Themasessie 2
Milieu-impact van onderhoud en renovatie
Ad Straub Integrale duurzaamheid bij renovatie
De milieueffecten van Passief renoveren
Meetbaar maken van de milieueffecten van planmatig onderhoud met GPR Onderhoud
Integrale duurzaamheid?
Vaak ligt de focus van een eigenaar en/of
beheerder van vastgoed op slechts één milieueffect, namelijk CO2-emissies, maar er zijn veel meer effecten op milieu en gezondheid die door een levenscyclusanalyse (LCA) berekend worden.
Schema: de aspecten van een levenscyclusanalyse (Straub)
Binnen dit onderzoeksproject zijn onder meer levenscyclusanalyses van dakbedekkingen gemaakt. Vergeleken zijn: PVC, EPDM, APP en SBS gemodificeerd bitumen en wit bitumen, waarbij de
dakafwerking geschroefd, verlijmd, gebrand of geballast (met grind of betontegels) is.
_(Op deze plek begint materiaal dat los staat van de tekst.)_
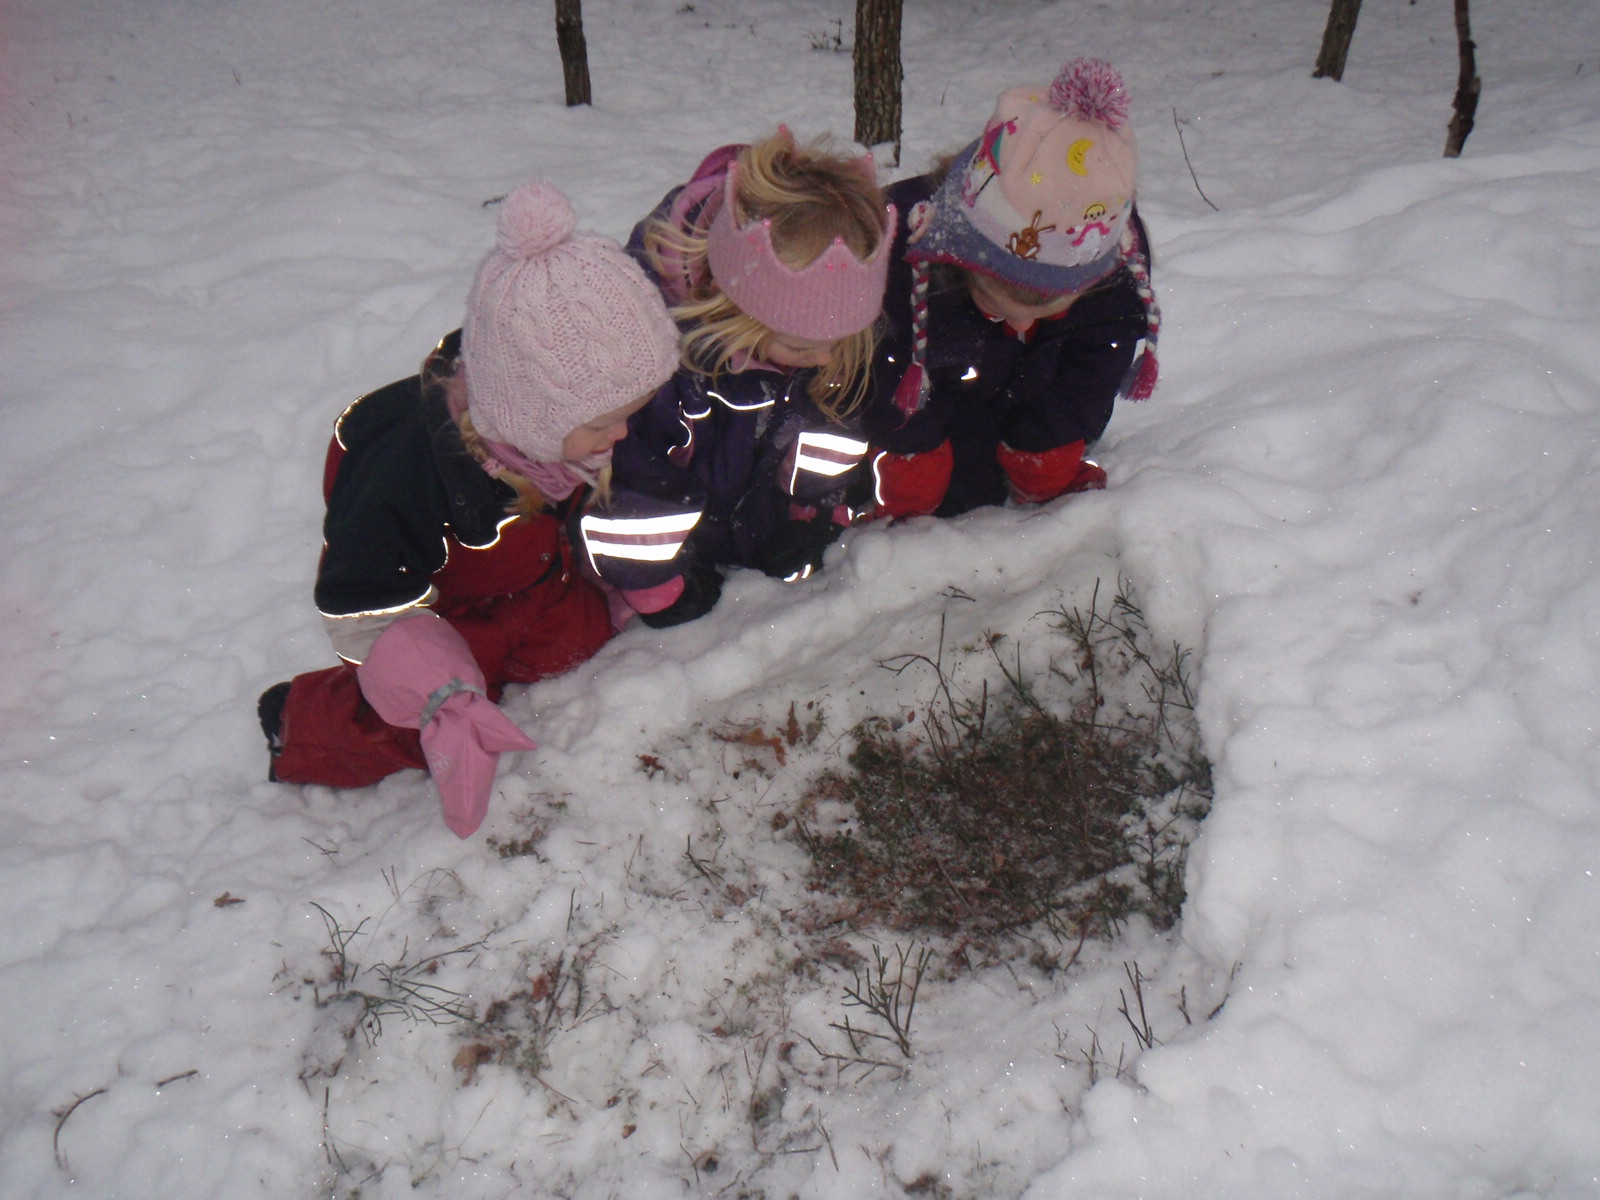 spor rådyr snø

De beste keus op basis van deze LCA blijkt te zijn: PVC geschroefd of geballast met grind.
Ook is een LCA van isolatiematerialen gemaakt, met als beste keus: Cellulosevezels en Geëxpandeerd Polystyreen (EPS) oftewel ‘piepschuim. Echter, de keuze van een isolatiemateriaal is ook afhankelijk van de dikte van het pakket en de massa voor gewenste geluidsisolatie. Bij renoveren ligt de optimale R-waarde van de gebouwschil bij 7. De optimale R-waarde is lager bij een korte exploitatietermijn (10-20 jaar) en voor materialen met een hoge milieubelasting. Overigens is niet met neveneffecten bij deze of nog dikkere pakketten gerekend, zoals het eventueel vervallen van installatiecomponenten wanneer je de principes van passiefhuisrenovatie toepast.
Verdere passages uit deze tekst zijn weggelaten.